You may not have heard of Cloudflare, but as long as you use the internet, it’s almost impossible to avoid its services.
This company is an “invisible giant” in the internet world. Whether you’re ordering takeout, scrolling through short videos, opening your email, or logging into your company’s system, chances are you’re passing through its network. Like a massive digital shield and accelerator, it provides security protection and content delivery services for nearly one-fifth of the world’s websites.
When the web pages you visit load instantly, or your favorite apps withstand hacker attacks, Cloudflare is often working behind the scenes. It truly is the “utilities” of the internet, serving as the foundational infrastructure that supports the efficient and secure flow of global data.
On September 25, Cloudflare made a landmark strategic decision, extending its infrastructure into a whole new dimension by announcing the launch of its own stablecoin—NET Dollar.
Why issue its own stablecoin?
Cloudflare CEO Matthew Prince provided the answer: “For decades, the business model of the internet has been built on advertising platforms and bank transfers. The next era of the internet will be driven by pay-per-use, micropayments, and microtransactions.”

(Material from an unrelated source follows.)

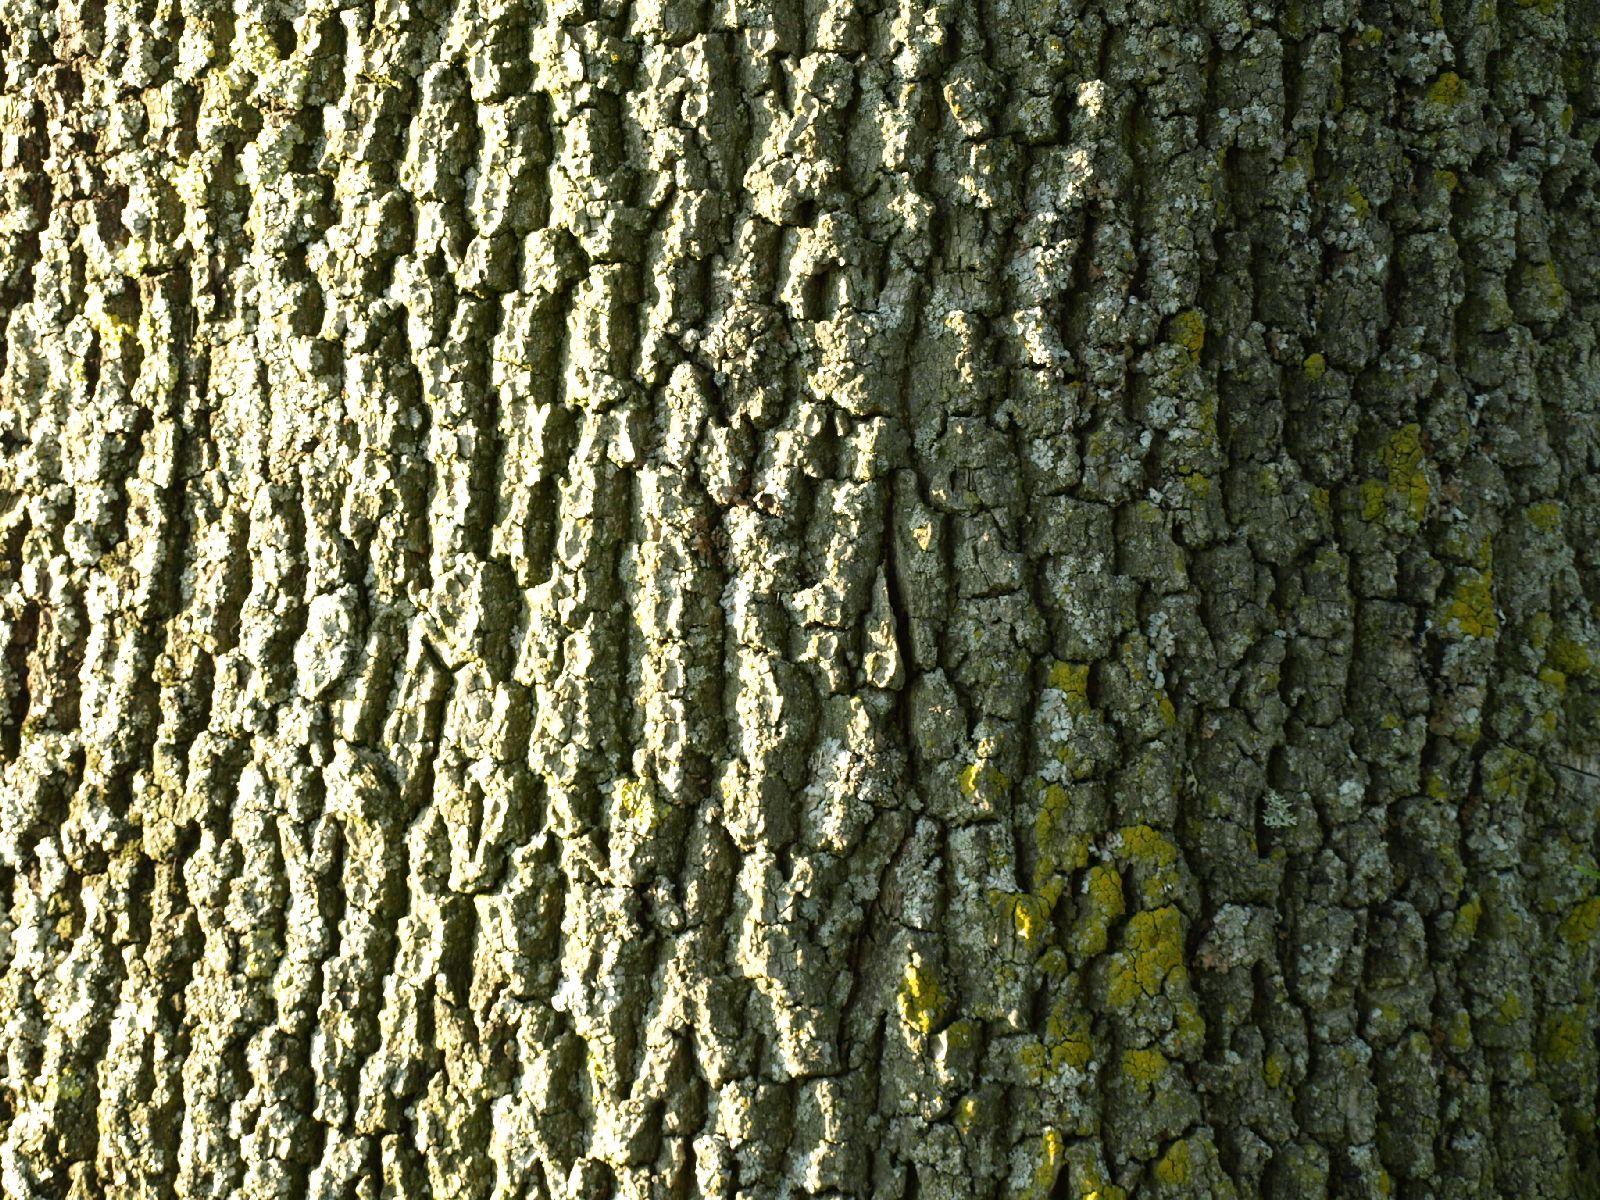 Baum-Rinde_Textur_A_P5122737

Cloudflare has annual revenue exceeding $1.6 billion, handling trillions of requests daily, making it the underlying “utilities” of the internet. But within this vast digital network, payments are the only link not under its control. This sense of losing control is troubling more and more large enterprises.
Apple settles tens of billions of dollars annually for App Store developers, Amazon handles massive funds for third-party sellers, and Tesla maintains payment relationships with over 3,000 suppliers worldwide. All these giants face the same friction: lengthy settlement cycles, high fees, complex cross-border compliance, and most crucially, a loss of initiative in the most critical closed loop.
As business becomes increasingly digital and automated, this lagging financial infrastructure becomes a bottleneck. Thus, large enterprises are choosing a more direct response: if they can’t change the old system, they’ll build a new one themselves.
Why Do Big Companies Need Their Own Stablecoins?
The emergence of NET Dollar prompts a rethinking of the motivation behind stablecoin issuance. Unlike USDT or USDC, which aim for universal circulation, Cloudflare’s approach is more pragmatic—it wants to first solve payment problems within its own business ecosystem.
This difference is significant.
USDT and USDC targeted the entire crypto market from the start, relying on broad acceptance to build scale; NET Dollar, at least for now, appears more like an “internal currency,” tailored for Cloudflare’s commercial network.
Of course, boundaries are not fixed. PayPal’s PYUSD is a typical example: when it launched in 2023, it only served PayPal’s own payment system, but now it supports exchanges with hundreds of cryptocurrencies, far beyond its initial scope.
Corporate stablecoins are likely to follow a similar path, evolving from internal efficiency tools to broader circulation scenarios.
The key difference lies in motivation. Traditional stablecoin issuers mainly profit from reserve investments, while corporate stablecoins are issued to optimize processes and gain initiative. This different starting point determines their differences in design, application, and future trajectory.
For big companies, payments have always been the “last mile” of the commercial closed loop, but this segment is controlled by banks and payment institutions, with all the problems mentioned at the beginning of the article. So, internalizing payments within their own systems and rebuilding a controllable closed loop with stablecoins has become a strategic choice for large enterprises.
The true value of corporate stablecoins lies in not needing to pursue inflated narratives, but rather in acting like a scalpel to address pain points in processes, greatly improving efficiency.
This value is even more apparent in supply chain finance.
International supply chain finance is inherently a system full of friction. A payment from the US to Vietnam must cross multiple time zones, currencies, and banks. According to the World Bank, the global average remittance cost is still above 6%.

Average transaction cost for remittances to specific countries/regions (%) | Source: WORLD BANK GROUP
Corporate stablecoins can compress this process to just minutes. A US company can pay a Vietnamese supplier in minutes, with costs dropping below 1%. The time funds are in transit is greatly reduced, improving the entire supply chain’s turnover efficiency.
More importantly, the ownership of settlement rights has also changed.
Previously, banks were intermediaries, controlling the speed and cost of transactions; in a stablecoin network, companies themselves can dominate this critical link.
Besides efficiency, cost is also a burden companies cannot ignore. Exchange rate losses, bank processing fees, and card network fees in cross-border payments may seem minor individually, but together they can erode a company’s competitiveness.
This is the significance of corporate stablecoins—they bypass traditional financial intermediaries and reconstruct the cost structure. The change is not only in the absolute reduction of costs, but also in the simplification and transparency of the structure. In traditional models, companies face complex fee structures—fixed fees, percentage fees, exchange rate spreads, intermediary fees—with opaque calculations, making precise forecasting difficult.
In a stablecoin network, costs are almost reduced to just one item: on-chain transaction fees. These are public, predictable, and relatively stable. Companies can therefore calculate expenses and profits more accurately, making decisions with greater confidence.